I’m one of the folk who “hung out a shingle”, and for the second time. While not a sole practitioner, I’m providing sales force development, sales training and coaching as a very small firm at present. And even from my perspective, the “state of sales training” is frustrating. From my particular vantage point, the poor quality of much of what passes as “sales training” that’s provided by sole practitioners and very small firms has two sets of roots.
First, many of those who are now offering sales training services were successful salespeople, but never required to build a successful sales organization. That’s key. Making knowledge transferrable and demonstrating successes doing it over time are essential qualifications for anyone claiming the ability to sustainably improve performance.
Second, most top tier salespeople are lifelong learners. In fact, most of those I know have an insatiable curiosity. That’s just as essential for a consultant or trainer. Arriving at one model and believing it will apply universally in every situation is just as myopic as the top performing salesperson who is promoted to sales management and then sets out to create clones of himself. That’s one of the most classic early mistakes of newly-promoted sales managers.
Subject matter expertise isn’t enough. In fact, that’s the easiest part. Harder is learning how to coach, to train and to serve as an effective agent for change. One reason that industry-specific sales training (the space most often filled by small firms) tends to be so poor is that little or no effort has been invested to find out how people learn, how new skills are built and retained. So seminars continue to multiply, “secrets” and “tricks” continue to be promoted, and lasting improvement is elusive.
A longer term relationship between the training / consulting organization and the client company is essential if the disciplines, the suite of selling skills and the business literacy essential to a very high performance sales organization are going to be developed and retained. Only within that kind of relationship can a solid sales process be built, and the essential tools and resources developed for each stage in that process.
Like you, I don’t see change on the near horizon.

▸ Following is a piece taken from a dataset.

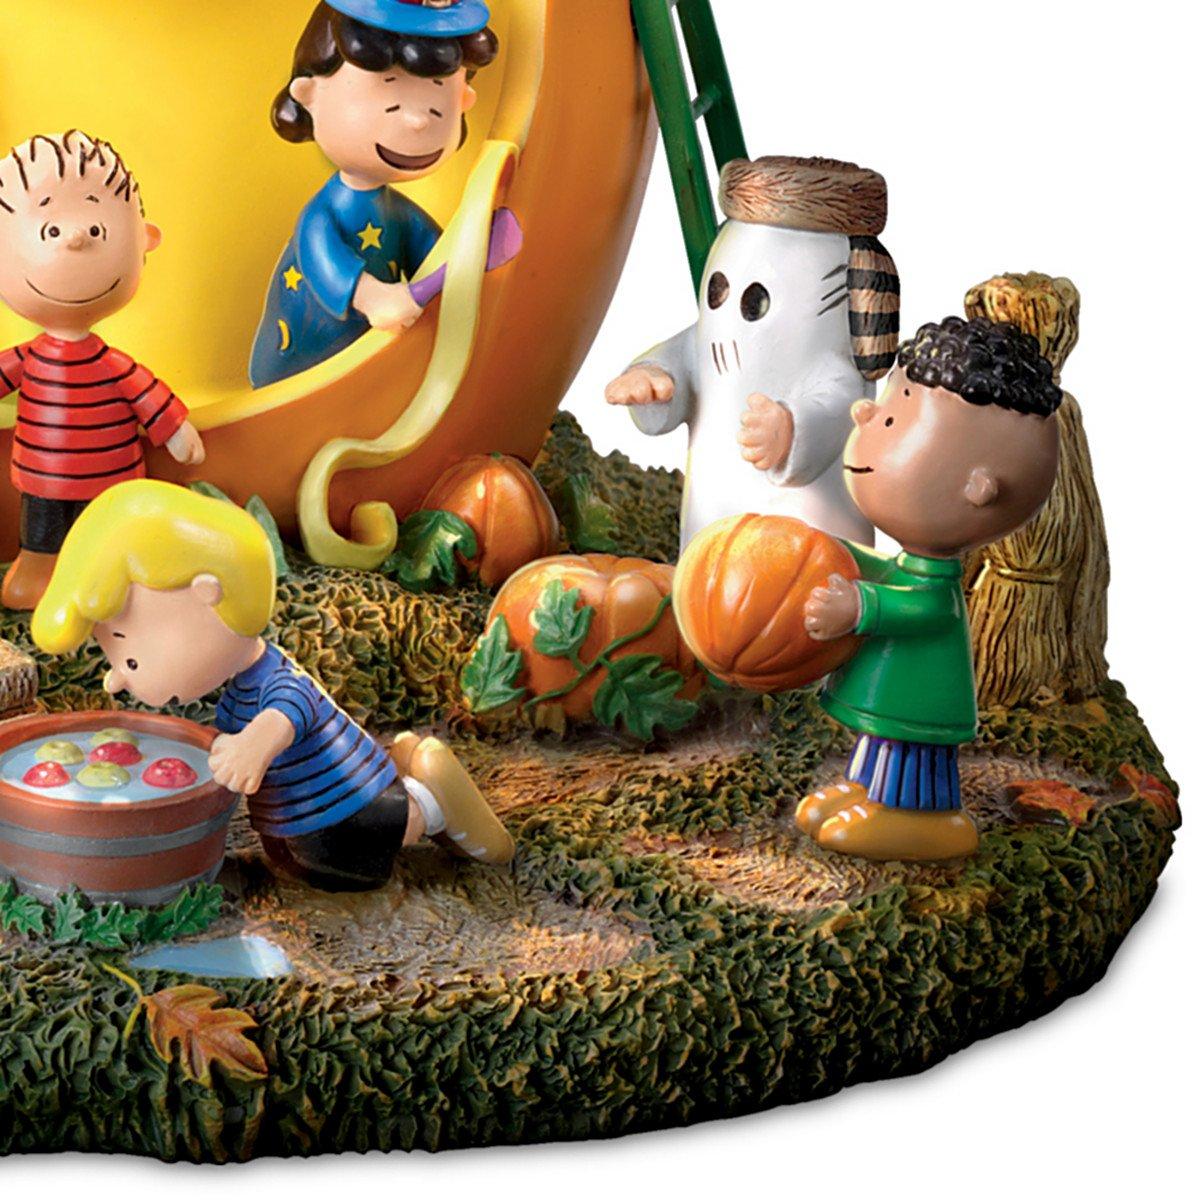 Amazon.com: Peanuts Great Pumpkin Carving Party Halloween ...

But some of the smoke is being blown out of the room. It is now easier for potential clients to find and talk with others about the real value that’s being created, and whether sustained improvement is resulting including measurable results. That’s undermining the old training model of running a big event, selling presentations and curriculum up front and providing nearly nothing afterward. And that’s a good thing.

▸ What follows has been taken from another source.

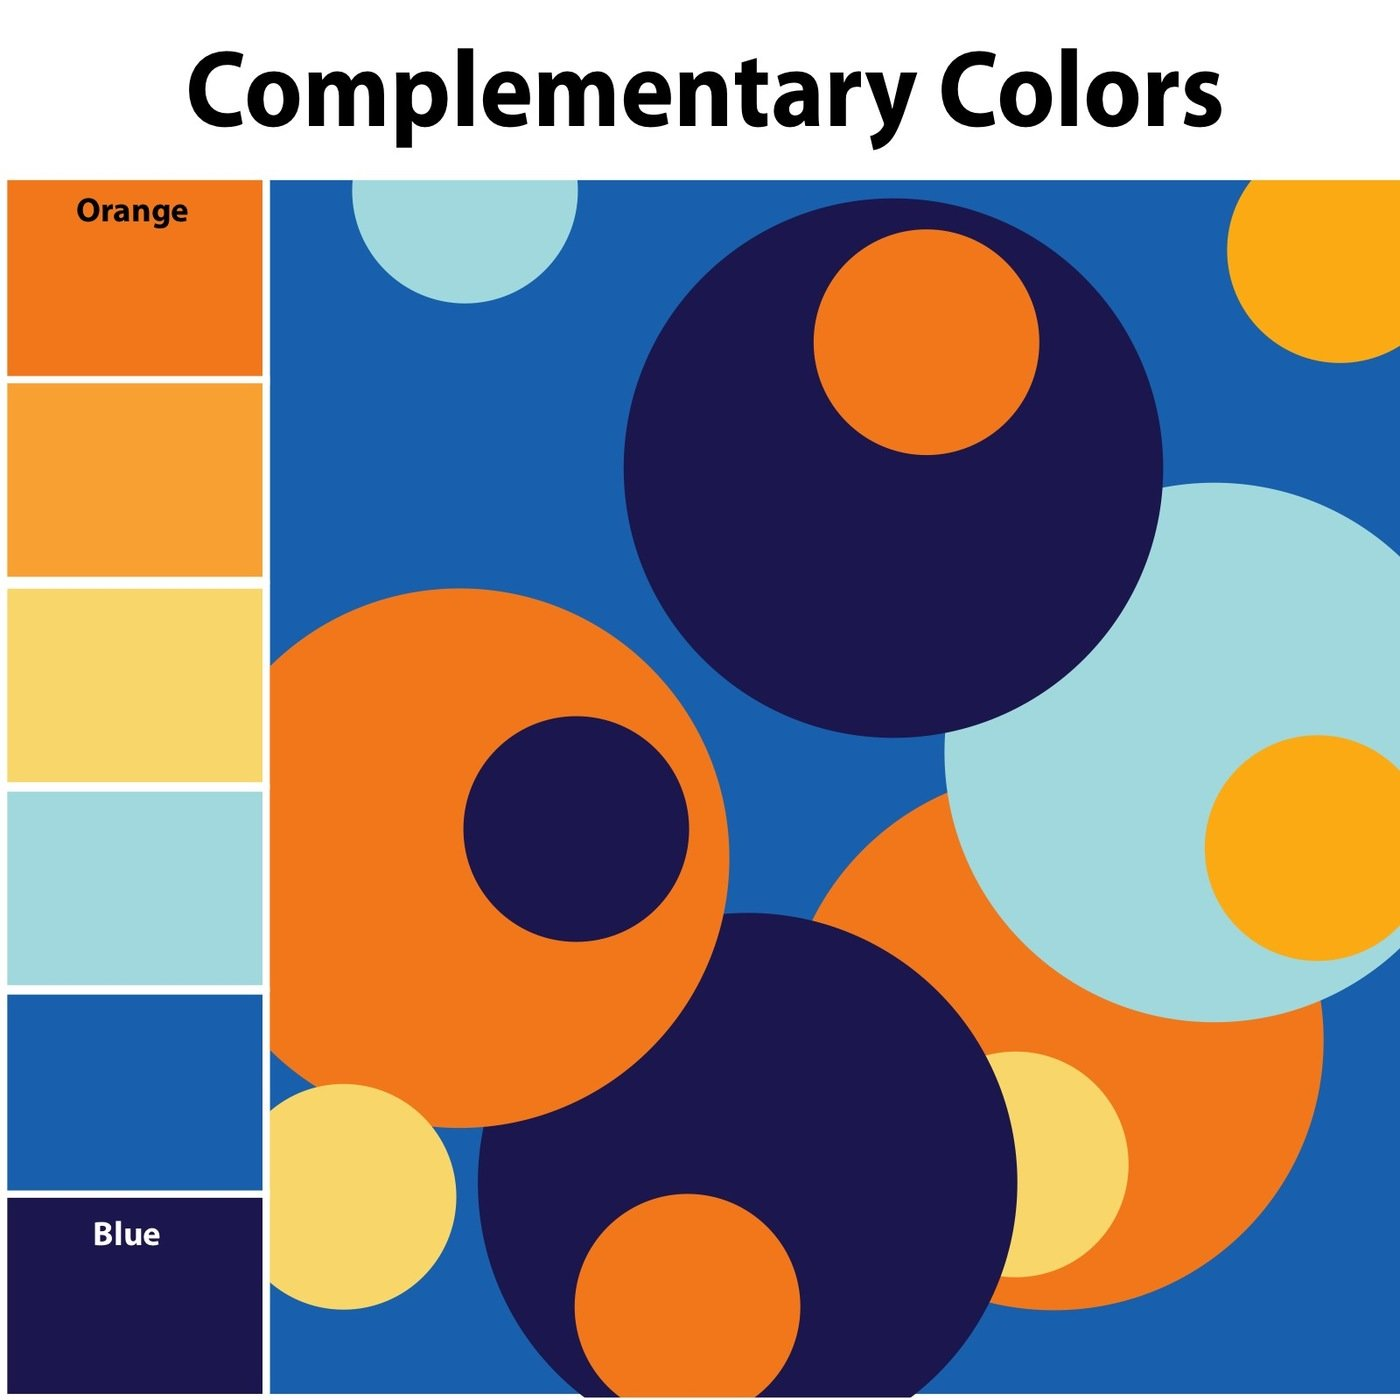 Color Exploration By Jill Leak At Coroflot.com

great post and great topic, Dave.
On your 2nd point, I believe there is a mutual (vendor and sales exec) lack of commitment on training execution following training delivery.

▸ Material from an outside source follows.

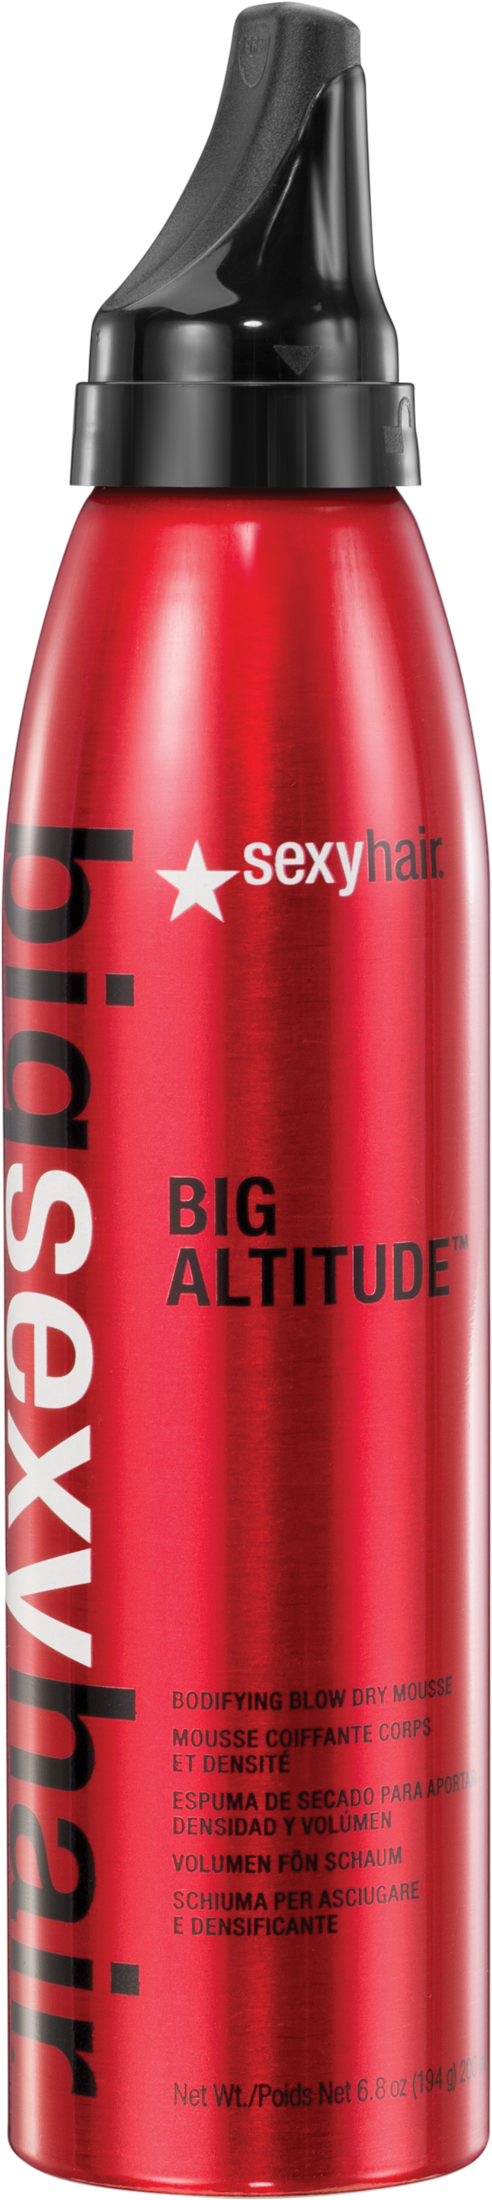 SEXY HAIR Мусс для подвижного объема / BIG 200 мл

Perhaps a fourth point is that customer needs for sales training vary tremendously.
Selling houses is different than selling cars which is different than working a retail floor which is different than selling enterprise software which is different than selling a brand new technology/capability that requires strong education and demand creation – since most training vendors do not meet the “one size fits all” category, then it is in the customer’s interest to partner with a vendor that can (a) get the job done AND (b) be the best fit for their type of sales environment/culture.
Point taken, Eric. Thanks.
Dave, very good synopsis of the state of state around sales training. Sales training consultants in most cases simply train sales people and have little expertise in being able to work with organizations to help them establish sales philosophies, systems for long term development and performance management.
Also, seekers of sales training rarely have any idea of what is needed to have a sales force move to the next level. Training is just the start. There has to be reinforcement of the training through effective sales management..
I think there is a distinction between sales training, learning the skill of selling, and sales skill development, using the skill effectively. Development is where a long term, collaborative relationship with a sales training consultant is valuable.
Three great points, Andre.
Thanks for joining the conversation.
Dave:
It is interesting to compare the sales training industry to another, similar industry: the six sigma training industry.
– Both are based on a similar model: Valuable IP is delivered predominantly via classroom (with some self-study), supported by field and management coaching.
– the IP is intended to change the way people think and behave, so it requires implementation (driving the need for field coaching).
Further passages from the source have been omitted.